Haroon Siddiqui, the Toronto Star's editorial page editor emeritus, has a somewhat different perspective on Robert Fisk than does the Globe's Marcus Gee.

Some excerpts from Siddiqui's Sunday column:

The speaker is Robert Fisk, the world's most famous foreign correspondent, with the courage and know-how to spurn the journalistic bunkers of Baghdad and venture out on to the highways and byways of death, albeit in fewer and fewer forays.

He was in Toronto on a North American launch tour of his 1,366-page biography The Great War for Civilization: The Conquest of the Middle East, written over 16 years. Its run of 50,000 copies is being followed with French and Arabic translations.

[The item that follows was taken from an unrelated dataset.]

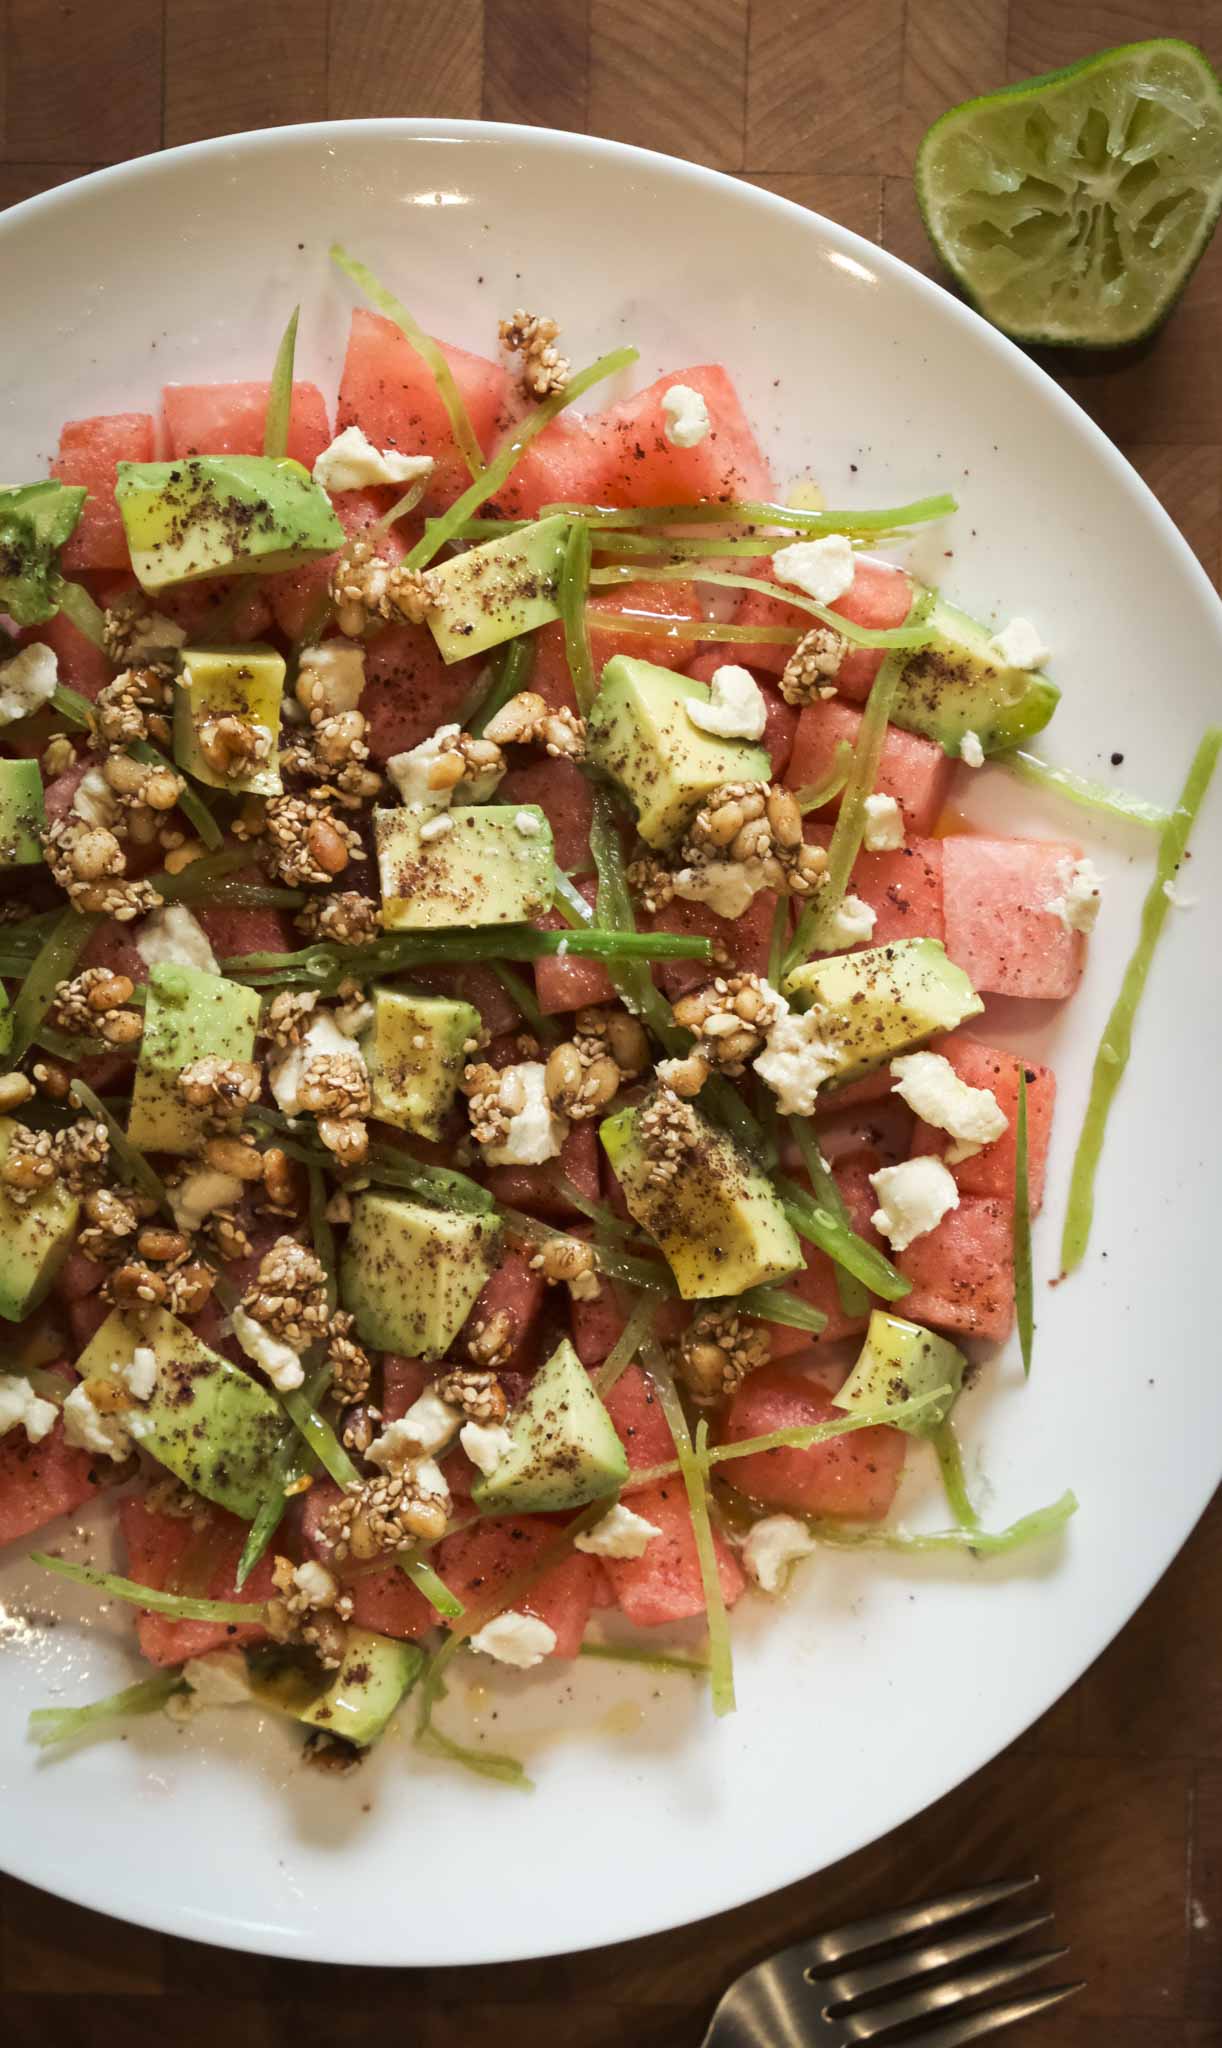 What to serve with watermelon feta salad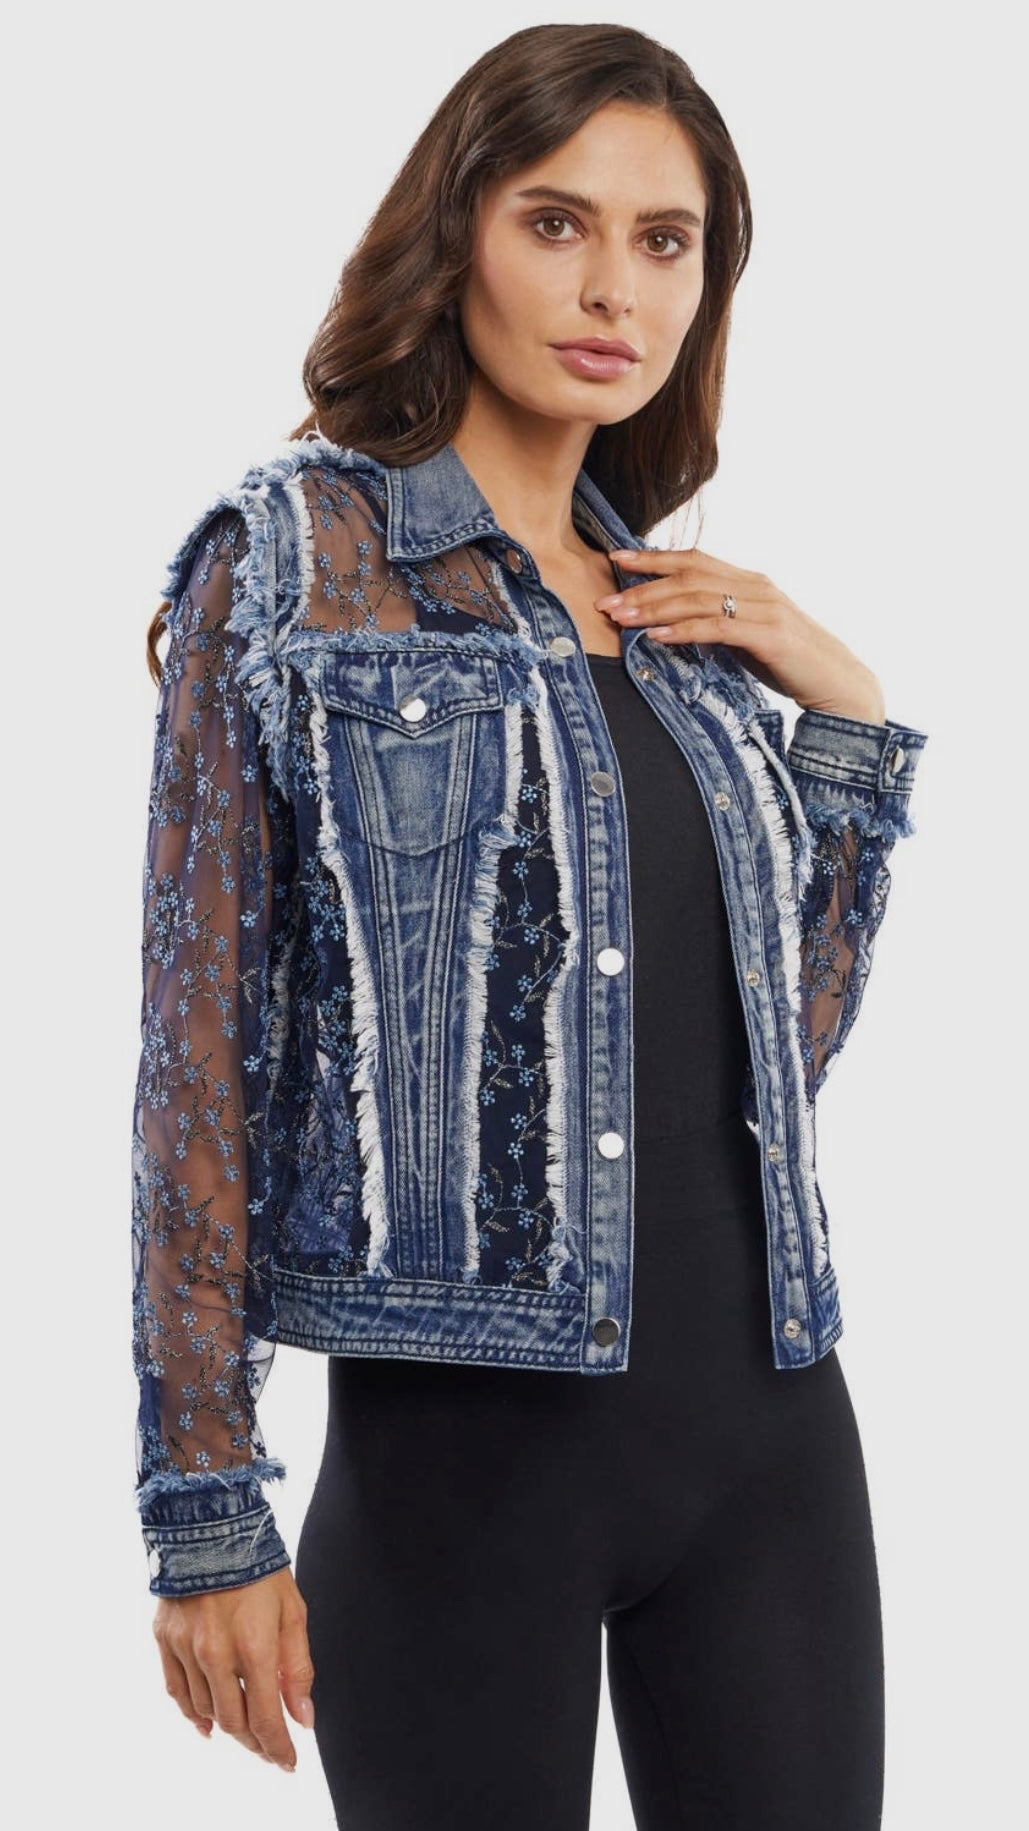 Adore A7217 1228A Denim Sheer Jacket with Embroidery

Fisk spoke to an overflow audience of 800 at U of T Wednesday. Here's what he said there and in an interview.

Bin Laden: "He is irrelevant. Al Qaeda exists. The monster exists. It's the most extraordinary institution, in that it has no membership. It's an NGO system of international terror.

"I don't even think Al Qaeda has a worldwide web. Do you think that the men who blew up the trains in London on 7/7 knew the bombers of Bali? No. Do you think the bombers in Madrid had any idea what was going to happen in London? No.

"Do you think they all had contact with bin Laden? Maybe, but I doubt it. But you see, it's not necessary any more. It's like avian flu. It doesn't matter which chicken started it."

Civil war: "I don't think there will be one. I've never heard an Iraqi talk of a civil war. Never. Americans and the Iraqi government officials, yes.

"The first time I heard of civil war was in 2003 when the U.S. spokesman Dan Senor spoke of it, to frighten the Iraqis into obedience. There has never been a civil war in Iraq. But someone does want one: hitting Shi'ite mosques, Shi'ite marketplaces, Shi'ite bus stations."

Who? "We are supposed to believe it's Al Qaeda and (Abu Musab al) Zarqawi. I don't know. We are so restricted in our movements. I still move around but I am still restricted."

Zarqawi? "He is a mystery. Is he alive? His wife, of whom he is very possessive, works for a living. His mother died last year and he didn't even send condolences — odd for a man who claims to be a super-Muslim. Is it possible he is dead? I have never heard his voice, except for the American ID of his voice."

Democracy: George W. "Bush said it'd only be a short time before every Arab state would want to be like Iraq. The experiment is over, thank you. If this is democracy, heaven spare us all.

"I think the Arabs would like a freedom of another kind: They want freedom from us."